Опять?! Откуда, черт возьми, они догадываются!
– Какое это имеет значение? Разве с провинциалов берут дороже?
– Не обижайтесь, господин ученик… Вы, очевидно, еще не знаете: четыре леи – это во втором классе…
– А здесь первый?
– Конечно! Второй класс – это прицеп. Если бы вы вошли туда, вы бы заплатили только четыре. – И она указала на болтающийся сзади вагон.
– Какая разница?
– Никакой. Там старые вагоны…
– Разве это имеет значение?
– Смотря для кого… Вагон сейчас остановится, и вы можете пройти туда. Одна лея – небольшие деньги… но и одна лея на улице не валяется…
Она сказала это таким добродушным тоном, что я решил перейти. Она права: в этом городе одна лея тоже может пригодиться, и на улице ее не найдешь…
Когда трамвай остановился, я перешел во второй вагон.
«Никакой разницы», – сказала она. О нет! Я увидел ее сразу. Разница была не только в самом вагоне, хотя прицеп, в котором я очутился, был сам по себе достаточно плох: узкий, тесный, с двумя простыми деревянными скамейками по бокам, к тому же битком набитый пассажирами. И вот здесь-то и начиналась разница. Еще на остановке я успел заметить странное предпочтение, которое отдавалось прицепам: первый вагон подходил к стоянке полупустой, прицеп переполненный, но большинство пассажиров бросалось именно туда, хотя в нем уже не было ни одного свободного места.
Разница – одна лея! Но она не валяется на улице… И оказалось, что она обладает свойством волшебной палочки, разделяющей людей на две категории. Здесь, в тесном прицепе, сидели, держались за кожаные ремни и висели на подножках все те, кто были в помятой, поношенной или грязной одежде, изможденные, бледные, низкорослые, скрюченные, сгорбленные; здесь господствовали темные и унылые тона, здесь чувствовалось тяжелое дыхание десятков ртов и запах пота разгоряченных тел. А в это время вагон первого класса представлял собой совсем иную картину: кроме двух дам и молодого человека в ярком костюме, там стоял теперь господин в отлично выутюженных брюках, мальчик в красивой куртке, молодая девушка в белых перчатках и светлой кокетливой шляпке. Другие лица. Другие цвета. Наверно, и другие запахи.
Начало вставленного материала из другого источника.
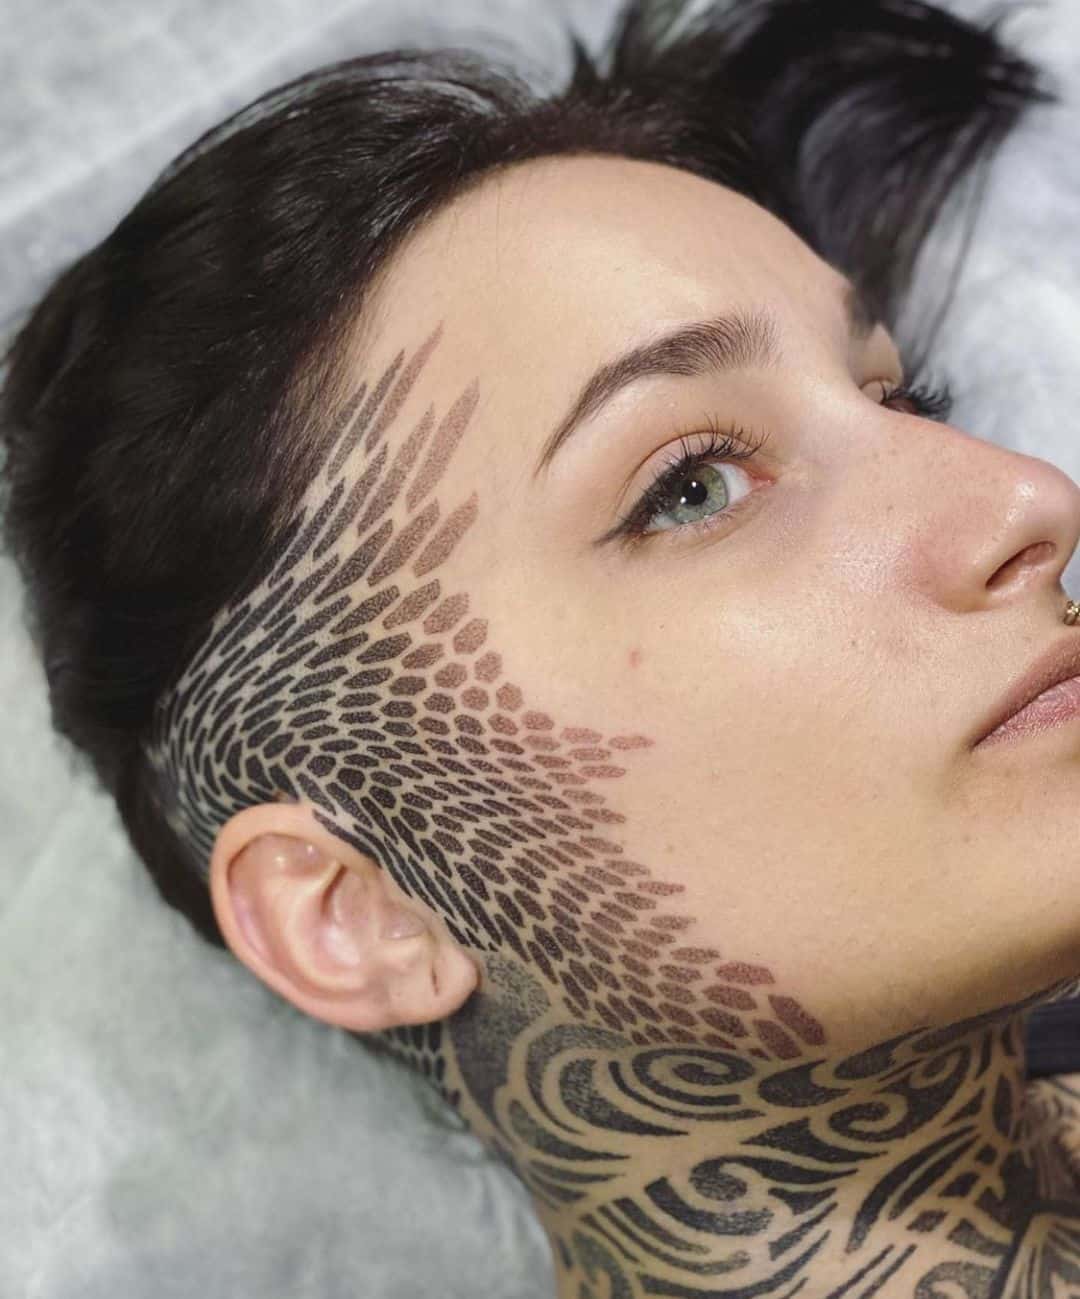 Blink and you won't miss it: Face tattoos go mainstream | The Seattle Times

Странная, потрясающая картина! И у нас в городе и в моем родном селе я видел с детства бедных и богатых, хорошо и плохо одетых людей, видел пышно наряженных барышень в парке и босых, нищих мужиков на базаре. Но это было совсем
не то. Здесь, на бухарестских трамвайных остановках, в течение нескольких секунд происходило моментальное и безошибочно грубое и зримое разделение уличной толпы на две категории, два класса, быть может на две расы. Впоследствии я видел в том же городе другие контрасты. Но ничто не поразило меня так, как молчаливый и непрерывный, всем известный, но никого не удивляющий отбор, происходивший на трамвайных остановках. Он произвел на меня такое впечатление, что в ту первую поездку по бухарестским улицам я ничего другого не запомнил. Не увидел я тогда ни шумных улиц, ни огромных домов, ни каменных набережных и рыжевато-грязной воды реки Дымбовицы, ни пестрых рекламных плакатов, развешанных всюду. Я смотрел все время только на людей, дожидающихся трамвая на остановках, и гадал, кто из них войдет в первый и кто во второй класс.
Разница? Одна лея… но она на улице не валяется!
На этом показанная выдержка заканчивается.